# Blurriness on HDTV



## Patrick T (May 8, 2008)

I have a LCD Toshiba Regza 37 inch HDTV, model 37HL67. I am receiving digital signal over the air with a UHF antenna and booster on the antenna. I have a 4 way 1000 MHz splitter going to 4 different TVs, one is a computer and 2 have the DTV converter boxes on them. The Toshiba had a very clear picture, but could not tune in one of the stations, so I took it back. 5 weeks later and I've just gotten the TV back. They put in a new tuner and I can now tune in the station that was missing before, but now the picture isn't as clear. I've tried everything I can think of. I've turned the sharpness way up and way down. I've adjusted other settings and have checked all of the cable connections. All of the other TVs are crystal clear. This one isn't blurry all the time, but it seems like the eyes and faces aren't clear at times and if there is movement, it's not clear. I've noticed that sometimes in the background, if someone is moving, the background is blurry. The TV was not like this before. I always thought it was crystal clear. 

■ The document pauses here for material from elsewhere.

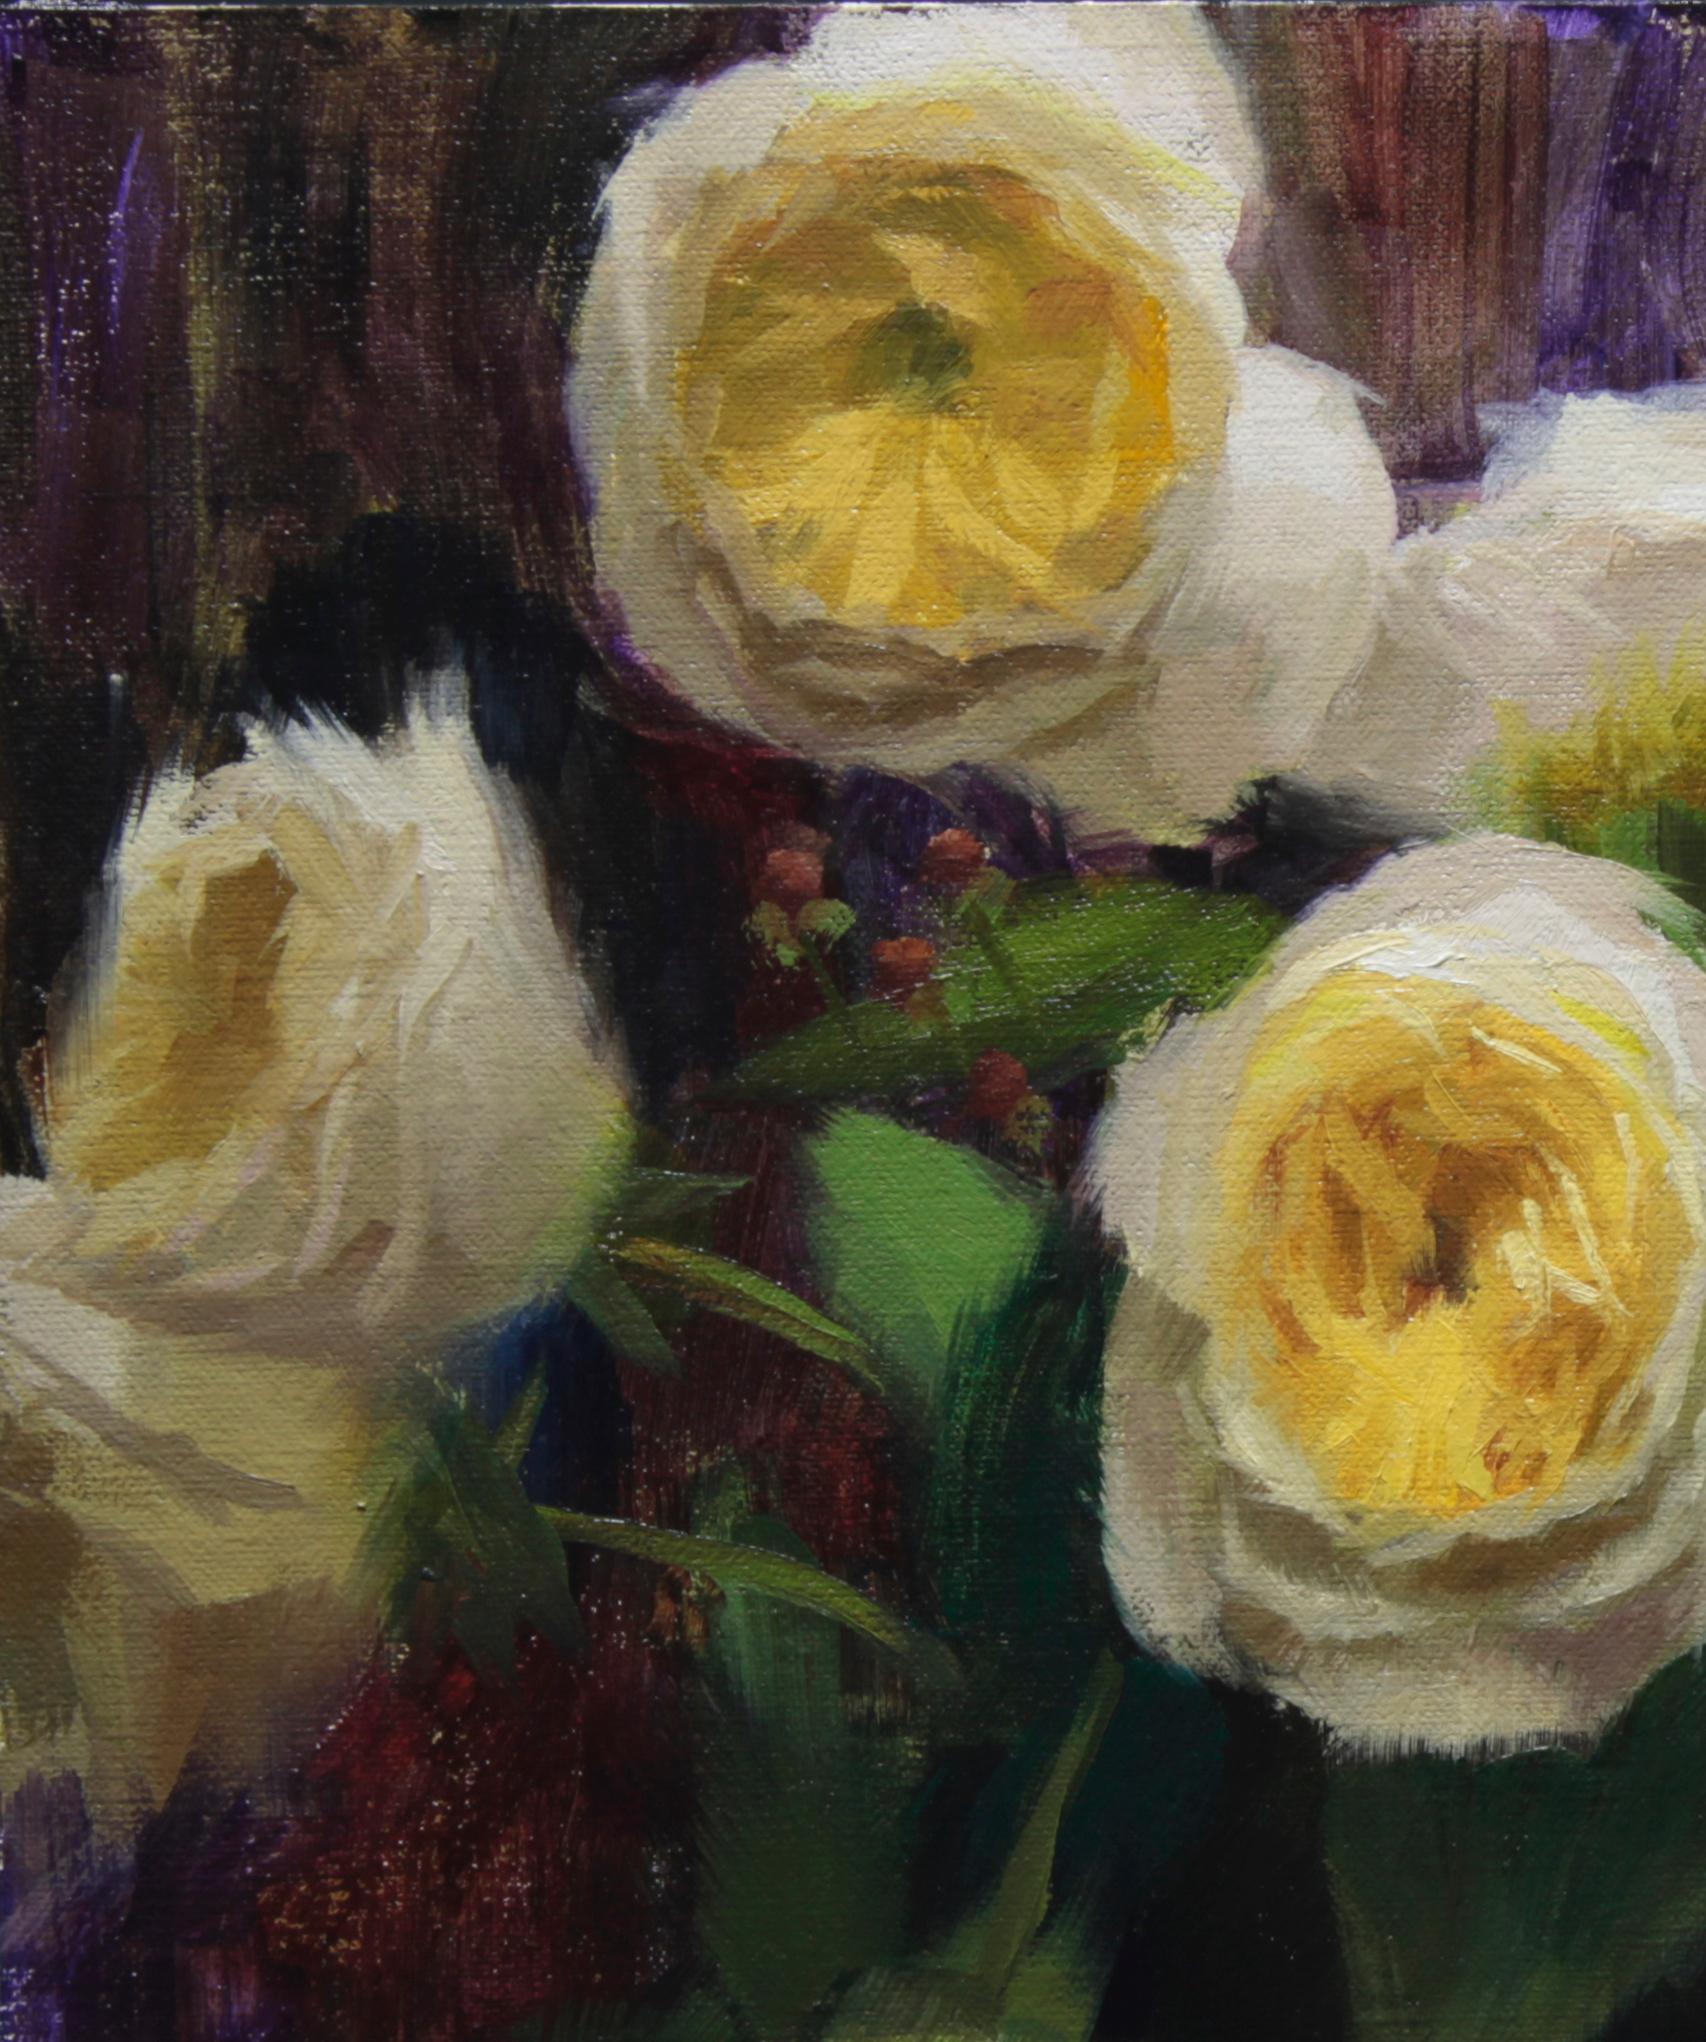 Garden of Roses, Floral Painting, Representational Oil Painting, SW ART  - Black Still-Life Painting by Zac Elletson

I should say I've also reset the TV to factory settings, but the problem is still there. Does anybody have any suggestions on anything else I could try? I hate to call the store again and be without the TV for another 5-6 weeks!


----------



## Stuart Sweet (Jun 19, 2006)

My suggestion would be to try asking the same question at our sister forum, AVSForum.com as well.


----------



## harsh (Jun 15, 2003)

Check the motion compensation settings to see if they make sense. It is also possible that your favorite local channel has added a subchannel and your PQ has gone to pot due to starvation.

I'd be preparing to get another unit coming.


----------



## Patrick T (May 8, 2008)

harsh said:


> Check the motion compensation settings to see if they make sense. It is also possible that your favorite local channel has added a subchannel and your PQ has gone to pot due to starvation.
> 
> I'd be preparing to get another unit coming.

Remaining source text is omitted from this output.